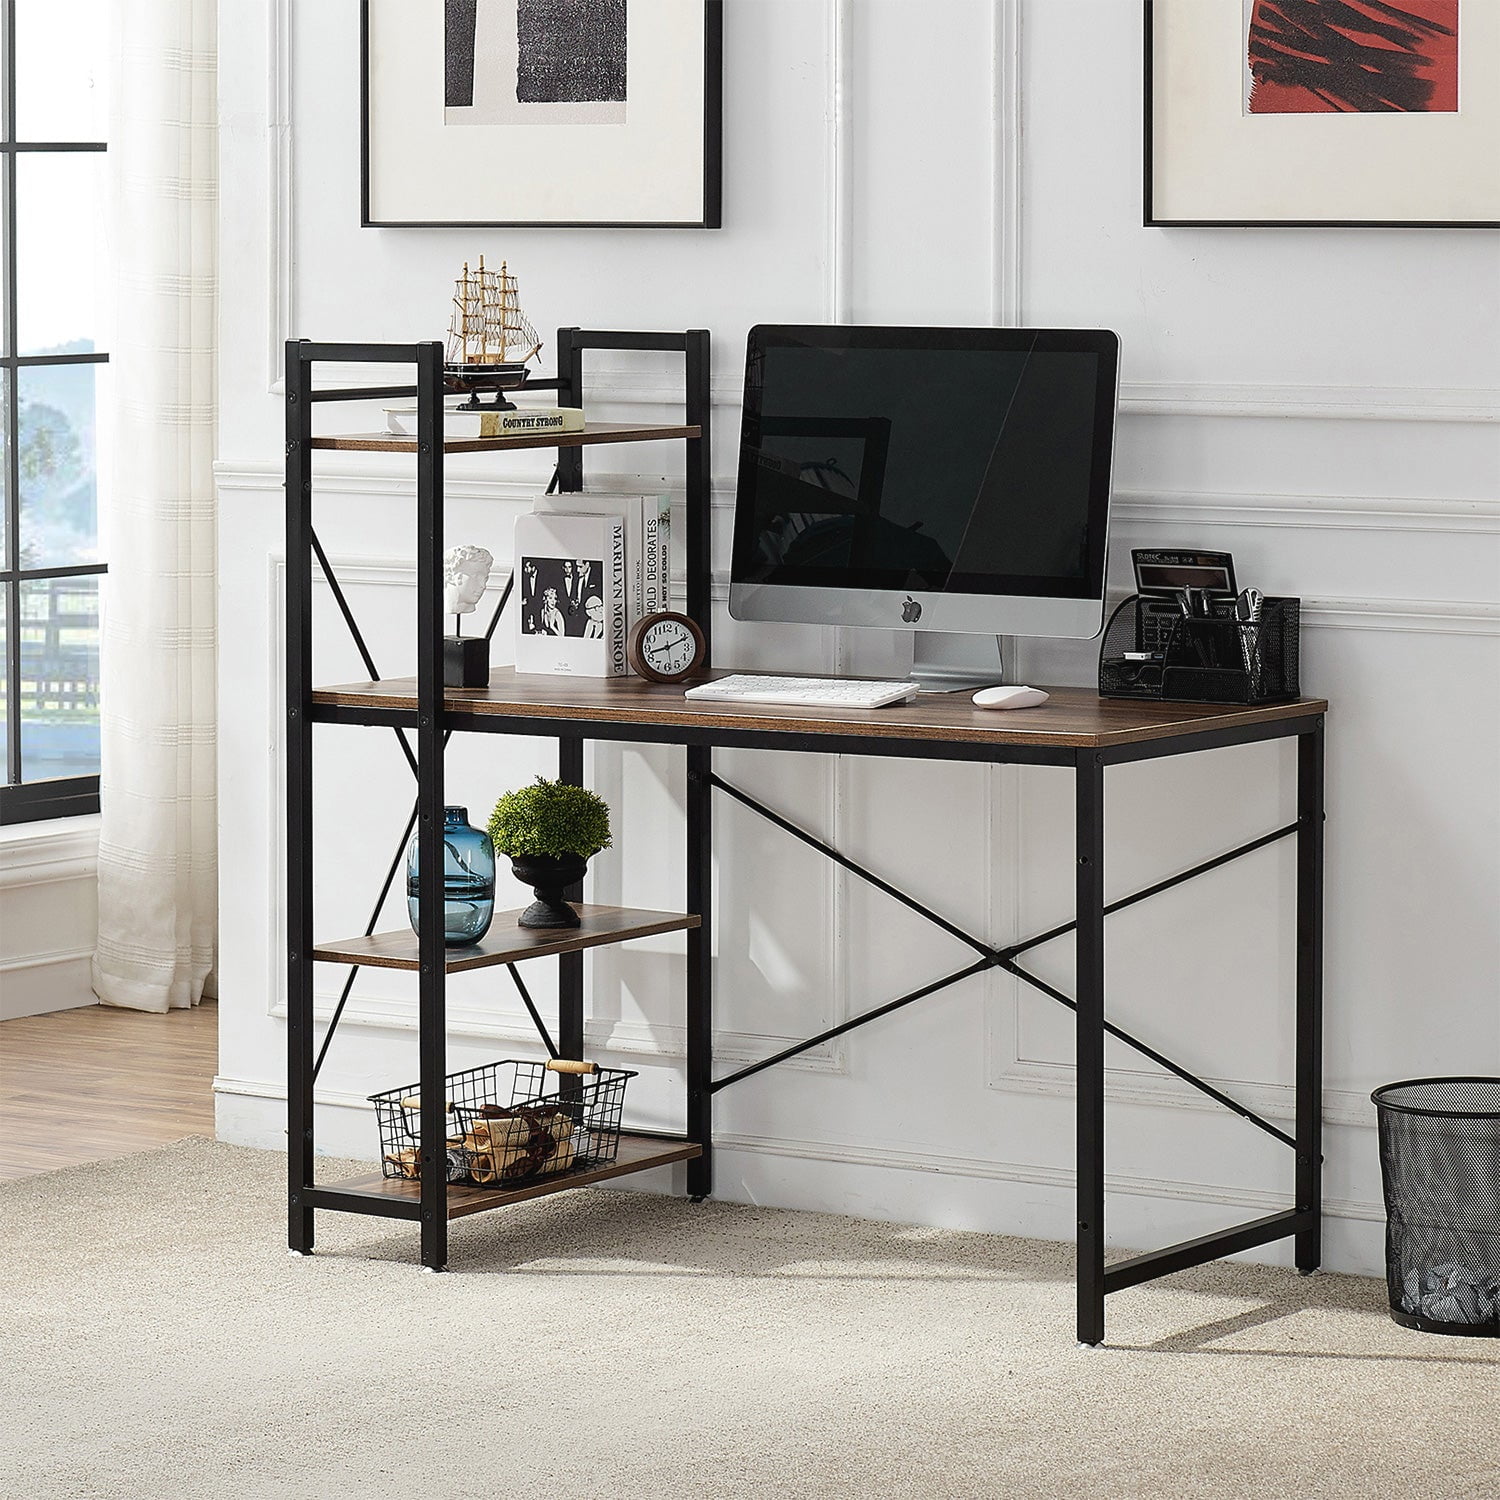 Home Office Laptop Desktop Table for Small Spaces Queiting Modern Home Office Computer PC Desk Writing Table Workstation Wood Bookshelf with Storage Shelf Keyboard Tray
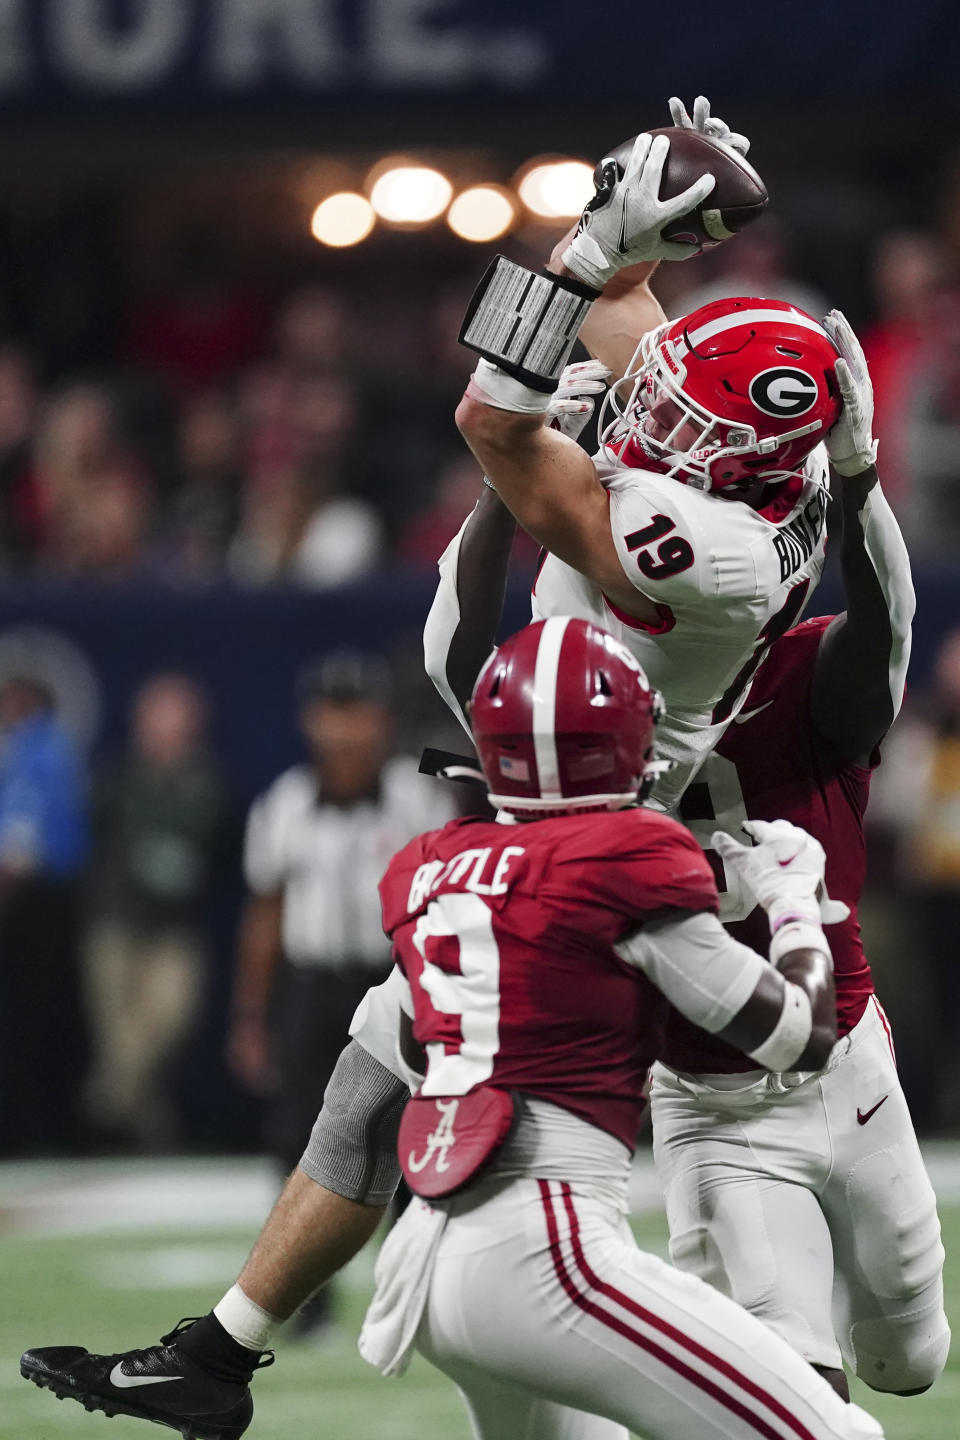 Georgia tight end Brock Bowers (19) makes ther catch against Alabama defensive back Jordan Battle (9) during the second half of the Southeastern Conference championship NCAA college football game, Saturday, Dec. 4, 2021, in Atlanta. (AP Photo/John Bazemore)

################

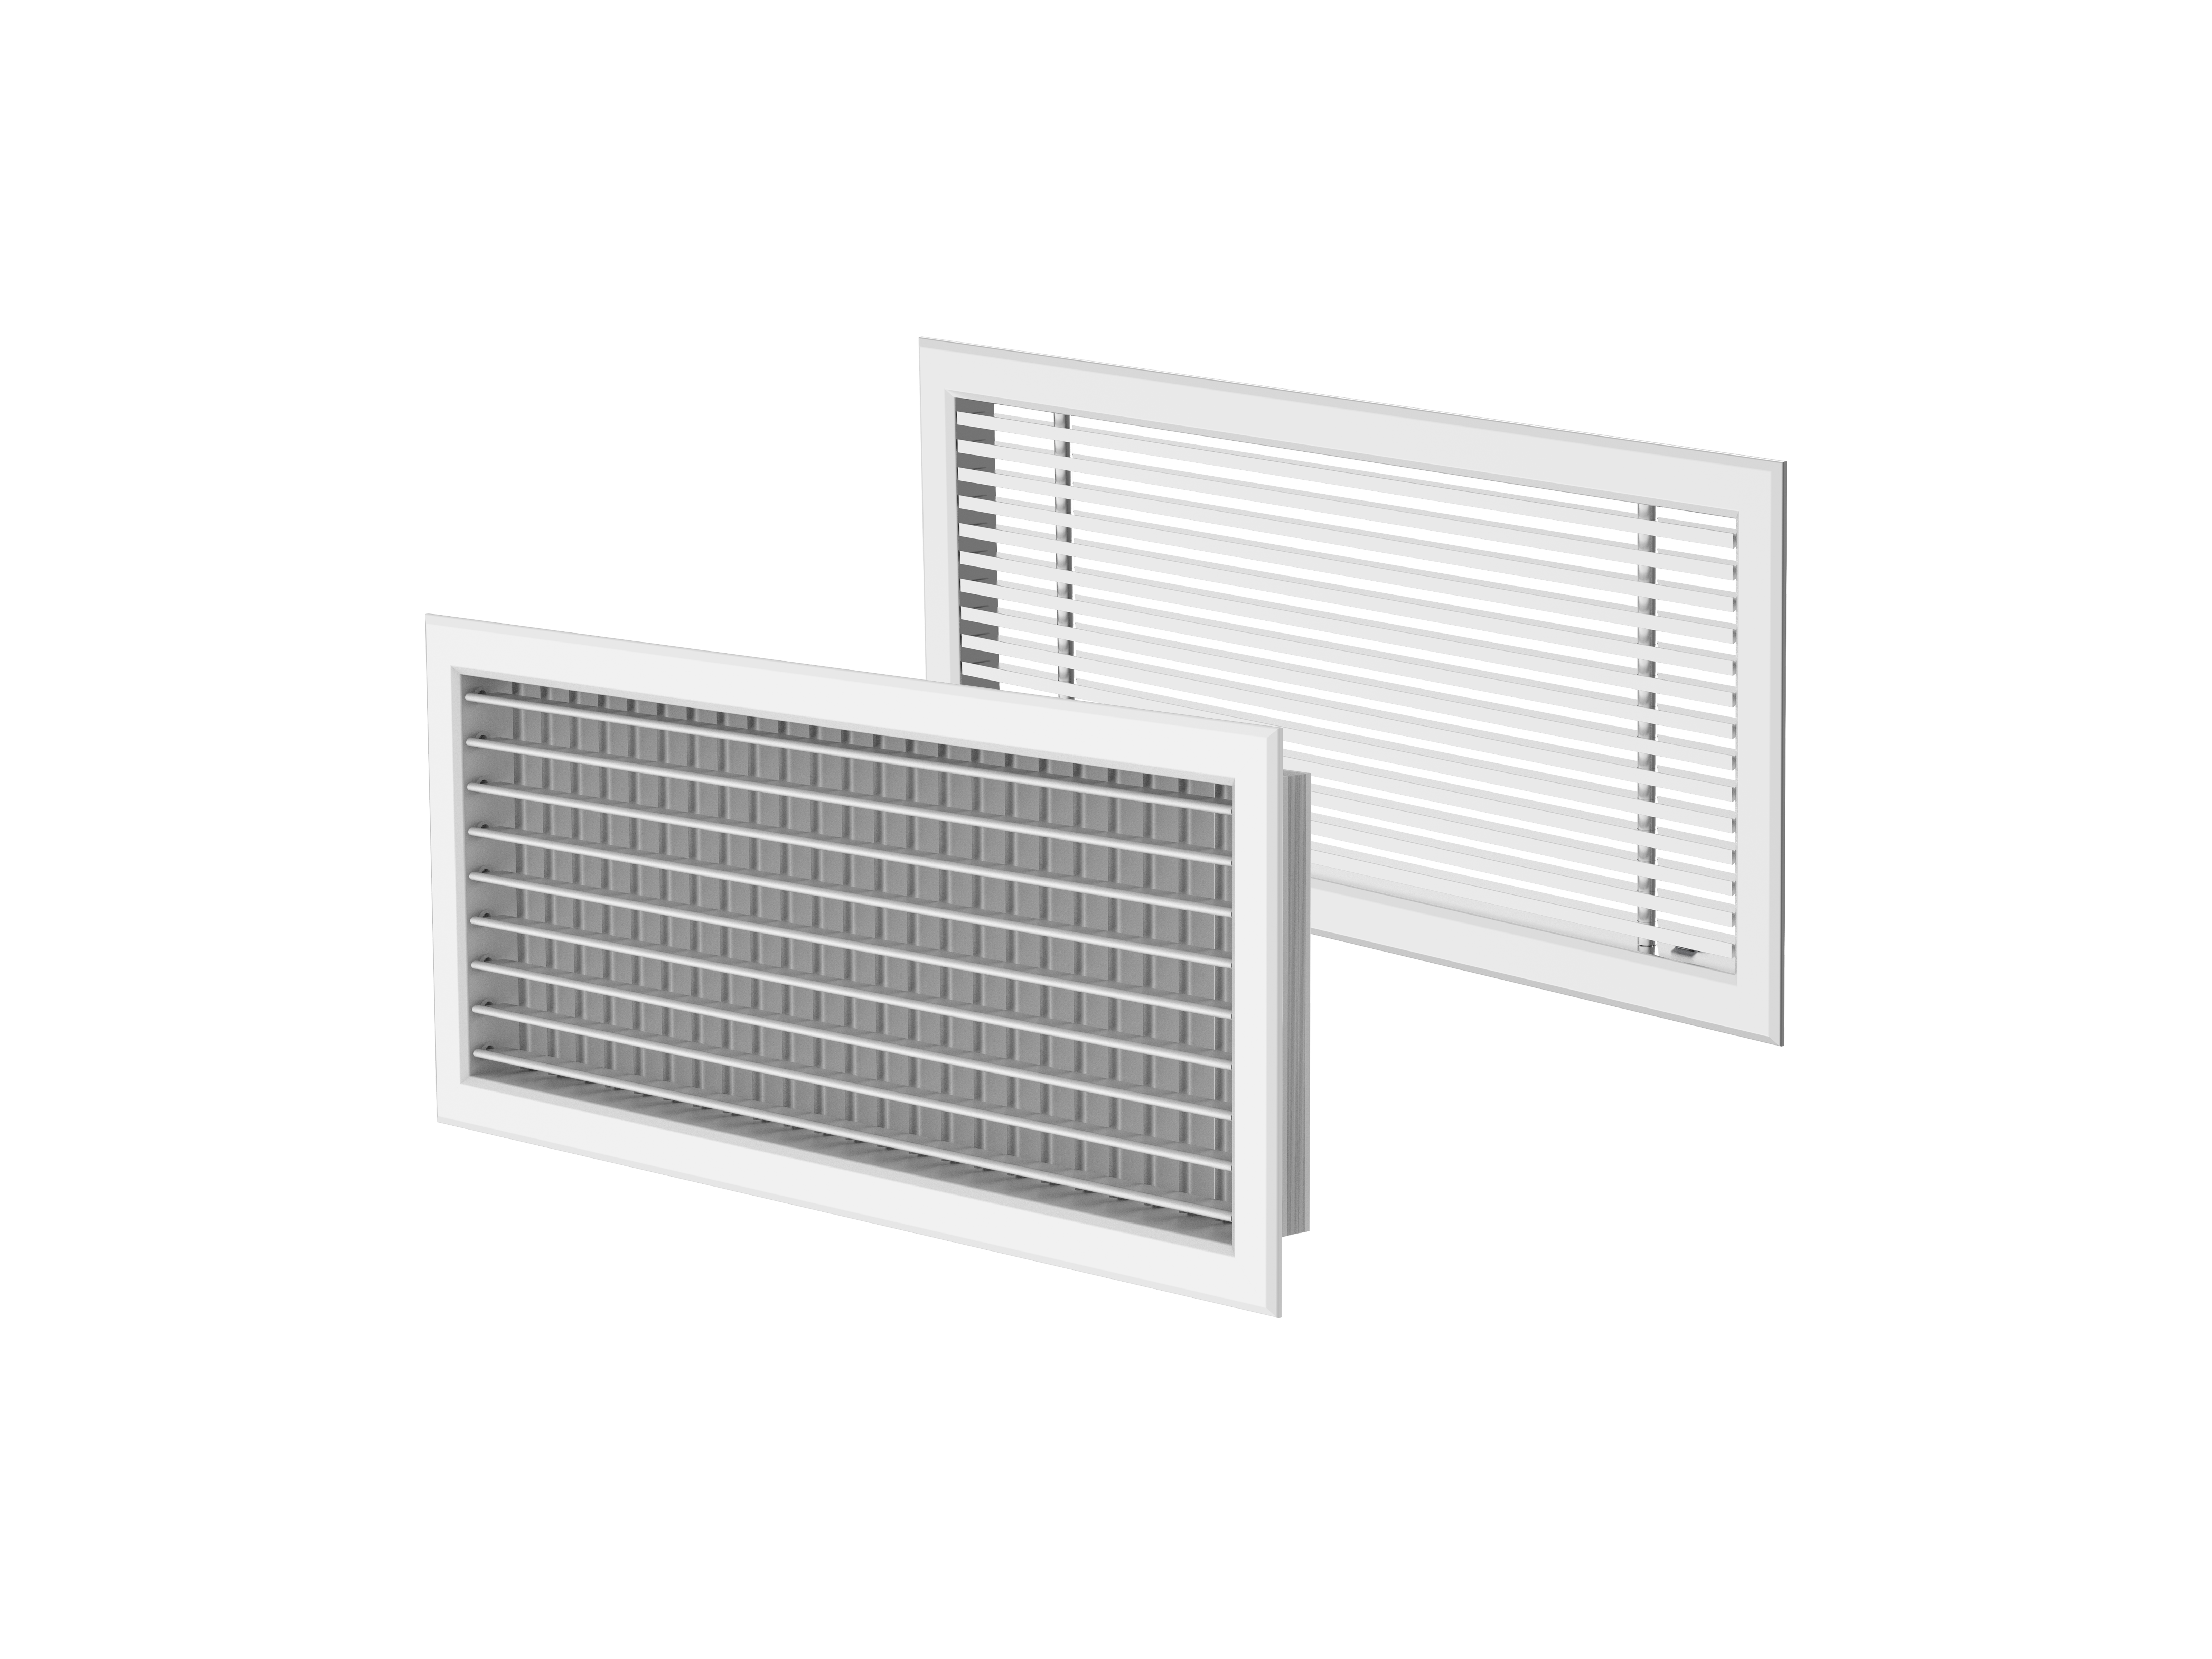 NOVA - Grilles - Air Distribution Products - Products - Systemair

################

Beginning with the line that contains "Home Office Laptop", write out the lines of the material above exactly, and end with the line that contains "Georgia tight end". Omit the pictures.

 Home Office Laptop Desktop Table for Small Spaces Queiting Modern Home Office Computer PC Desk Writing Table Workstation Wood Bookshelf with Storage Shelf Keyboard Tray
 Georgia tight end Brock Bowers (19) makes ther catch against Alabama defensive back Jordan Battle (9) during the second half of the Southeastern Conference championship NCAA college football game, Saturday, Dec. 4, 2021, in Atlanta. (AP Photo/John Bazemore)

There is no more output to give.